Polyamines are involved in the regulation of S phase and DNA synthesis

Sammanfattning: Our research group has previously shown that treatment with the polyamine biosynthesis inhibitors a-difluoromethylornithine (DFMO) or amidinoindan-1-one 2´-amidinohydrazone (CGP 48664) inhibited S phase progression before any other cell cycle phase was affected. This study was undertaken to further investigate the role of polyamines in the regulation of S phase progression and DNA synthesis. I have found that treatment with the polyamine analog N¹,N¹¹-diethylnorspermine (DENSPM) also caused a prolongation of the S phase. The common denominator for DFMO, CGP 48664, or DENSPM treatment is a depletion of the cellular spermidine pool. CGP 48664 and DENSPM in addition deplete the spermine pool. CGP 48664 or DENSPM treatment prolonged the S phase more than did DFMO treatment. Thus, mainly spermine but also spermidine may have a function in S phase progression. Using the single cell gel electrophoresis assay, I have shown that polyamine deficiency resulted in DNA strand breaks.
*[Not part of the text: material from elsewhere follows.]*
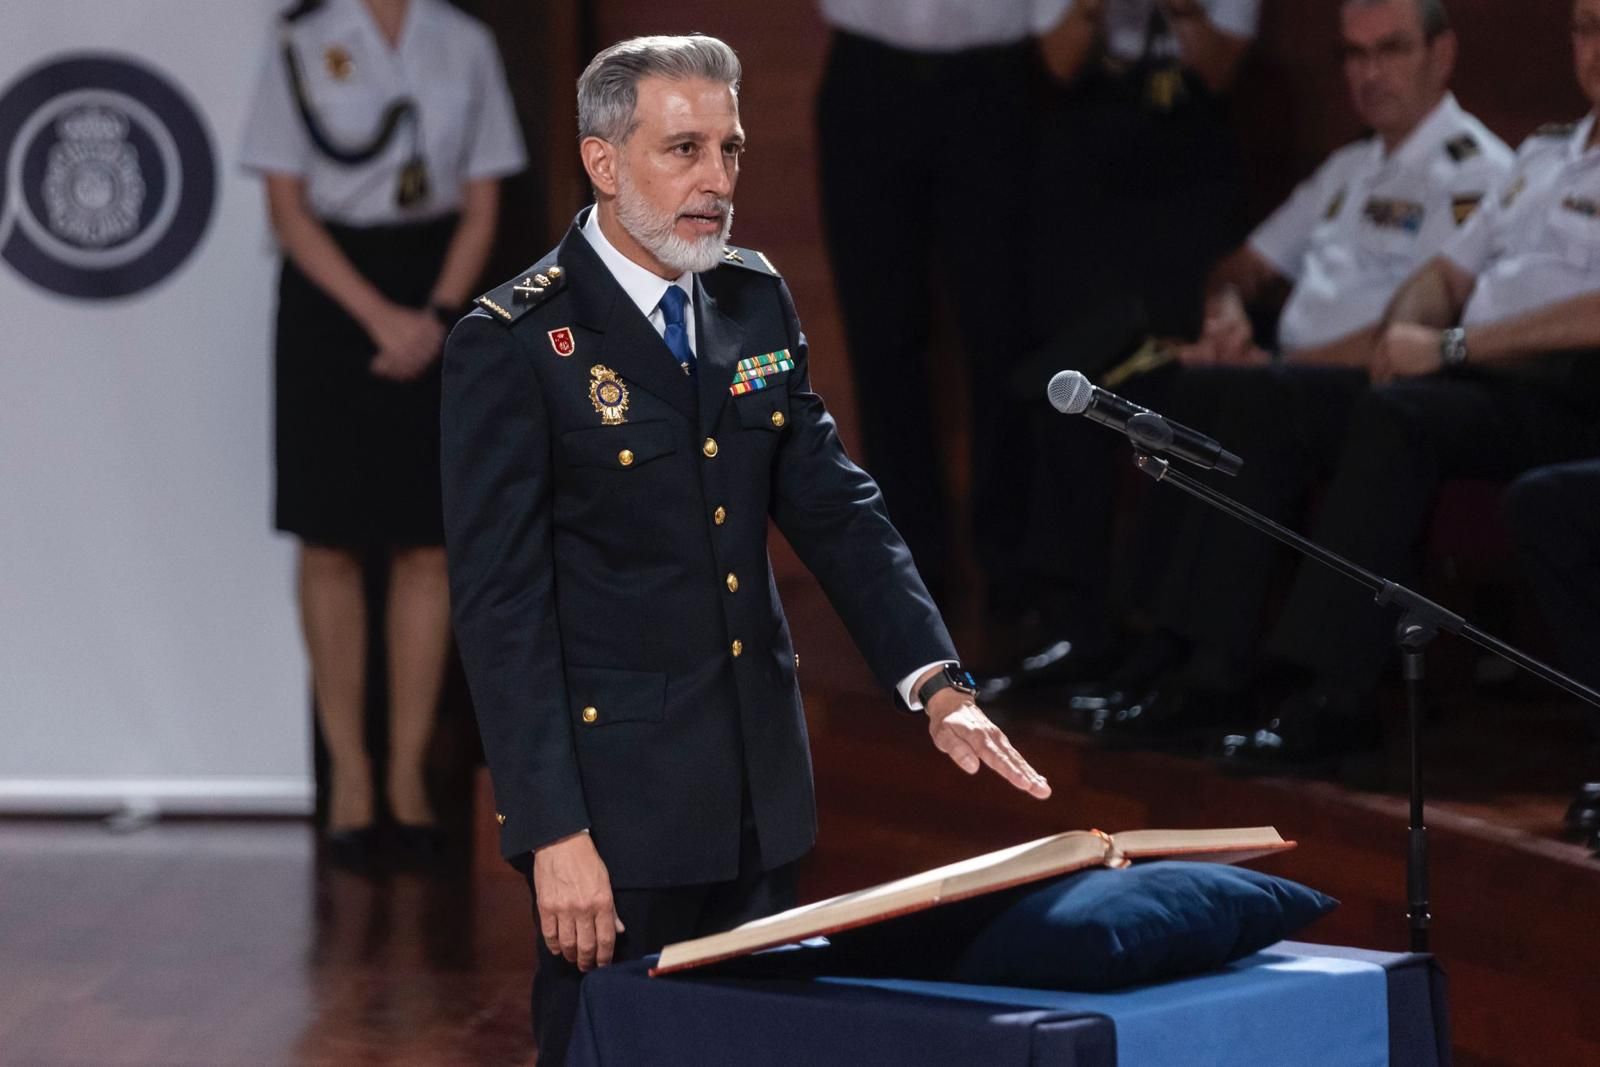 Toma de posesión del nuevo jefe superior de Policía de la Comunitat Valenciana, Carlos Gajero Grande

I have also shown that the topoisomerase II that is present in polyamine deficient cells is not functional. The results imply that there might be a change in chromatin structure rendering topoisomerase II non-functional in polyamine deficient cells. The number and organization of replicon clusters was not affected by polyamine deficiency. However, replicon clusters were less fluorescent in polyamine deficient cells compared to control cells, pointing to a lower rate of DNA elongation in the former cells. Polyamine deficiency resulted in an aberrant regulation of cell cycle progression in Chinese hamster ovary cells (CHO). The results may be related to the fact that CHO cells have a mutated p53 gene. MCF-7 cells, which have a wild type p53 gene, reacted somewhat differently to polyamine deficiency than did CHO cells. As a general conclusion of my results I suggest that normal levels of spermidine and spermine are required for an optimal rate of S phase progression and that the first cell cycle phase affected by polyamine biosynthesis inhibition is the S phase. I do believe that many of the effects observed after more than 1-2 days of polyamine biosynthesis inhibitor treatment are secondary to the initial perturbances that have taken place.